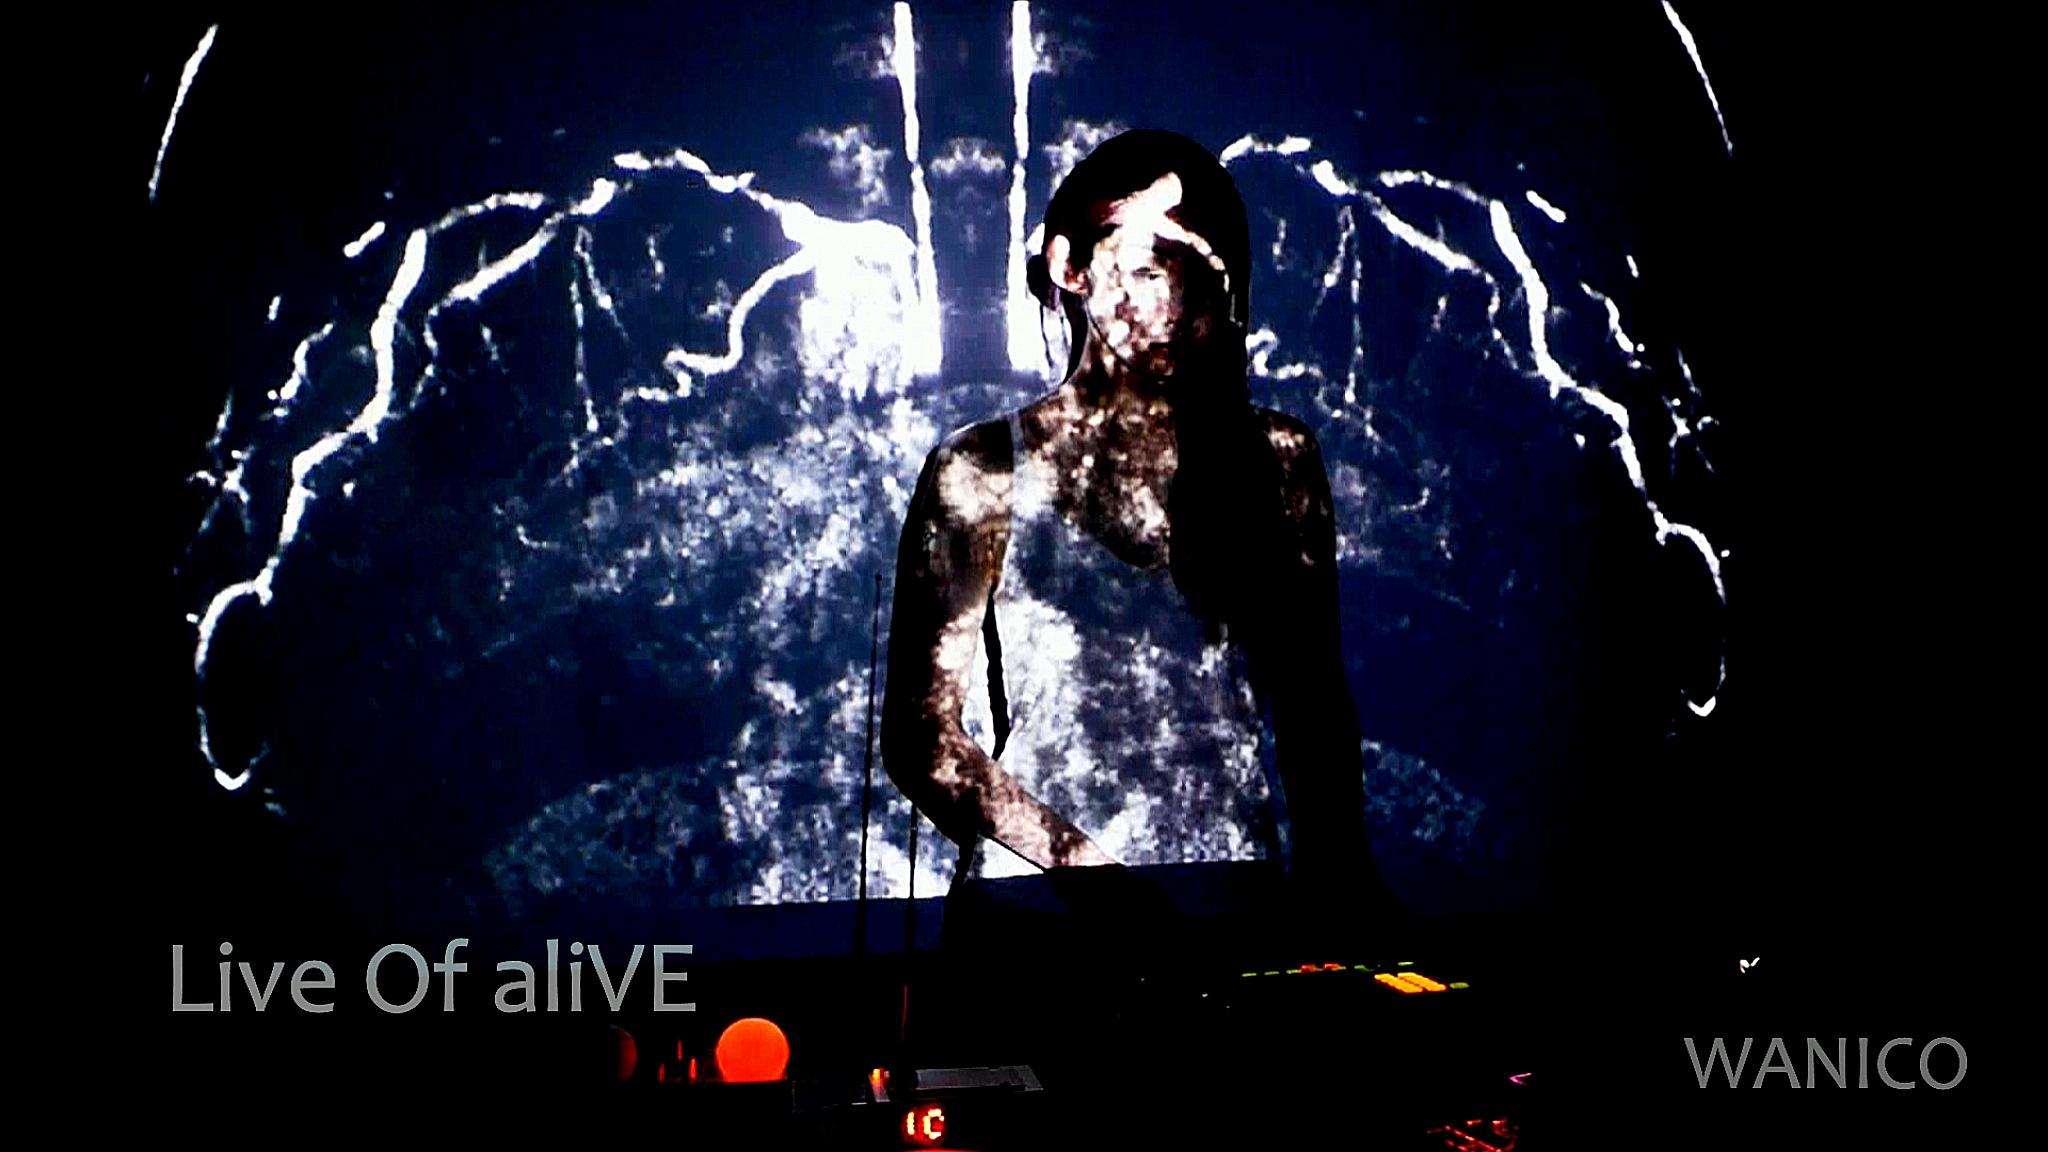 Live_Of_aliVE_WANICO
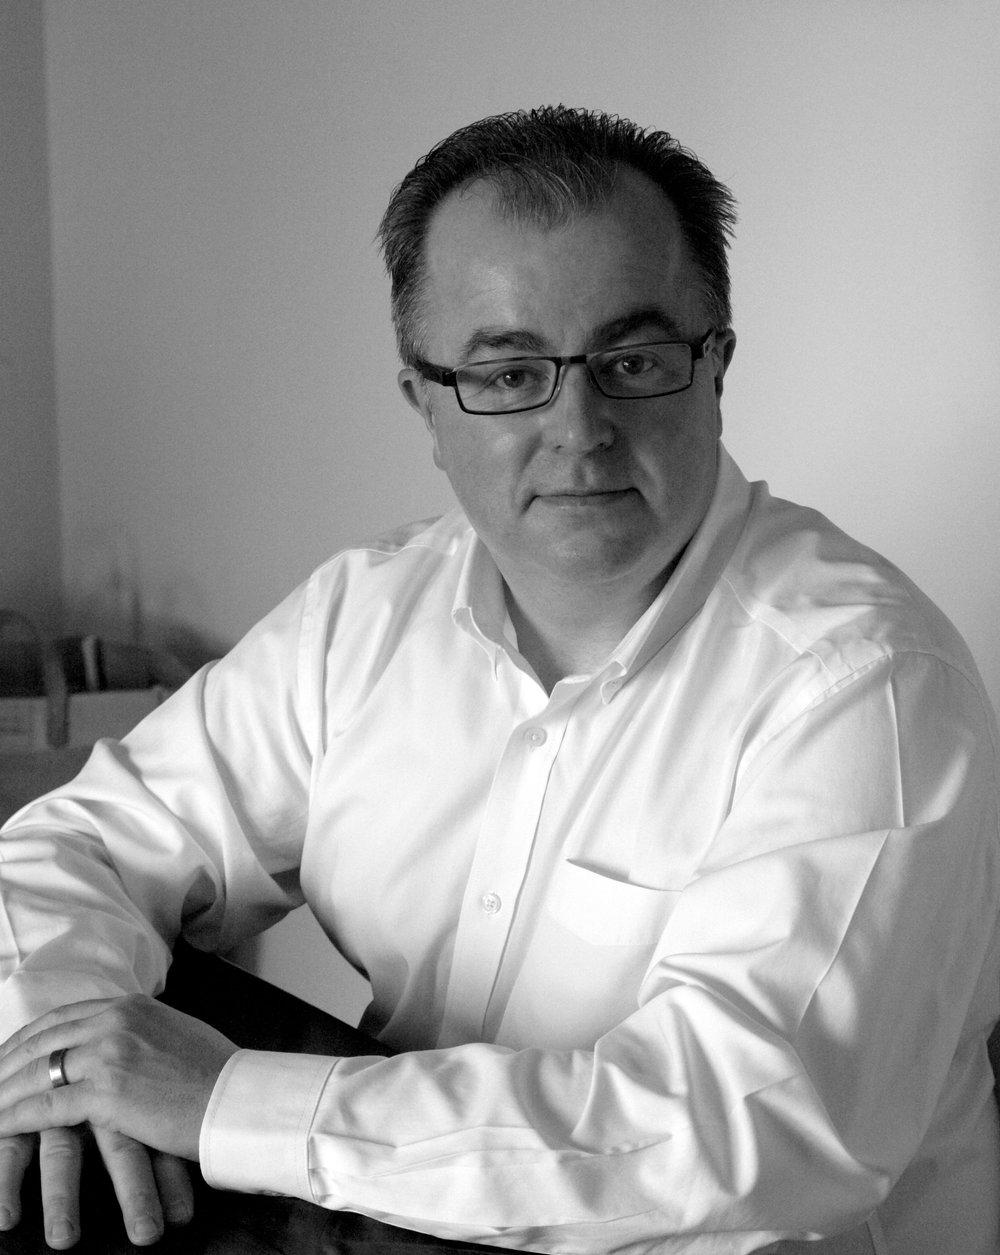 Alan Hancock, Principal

...

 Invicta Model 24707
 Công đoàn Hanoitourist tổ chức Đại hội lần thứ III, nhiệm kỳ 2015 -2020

◆ EXERCISE DESCRIPTION: Starting with the line that holds "Invicta Model 24707" and ending with the line that holds "Công đoàn Hanoitourist", retype every line in the data above exactly, and nothing else.

◆ ANSWER BOX:
 Invicta Model 24707
 Công đoàn Hanoitourist tổ chức Đại hội lần thứ III, nhiệm kỳ 2015 -2020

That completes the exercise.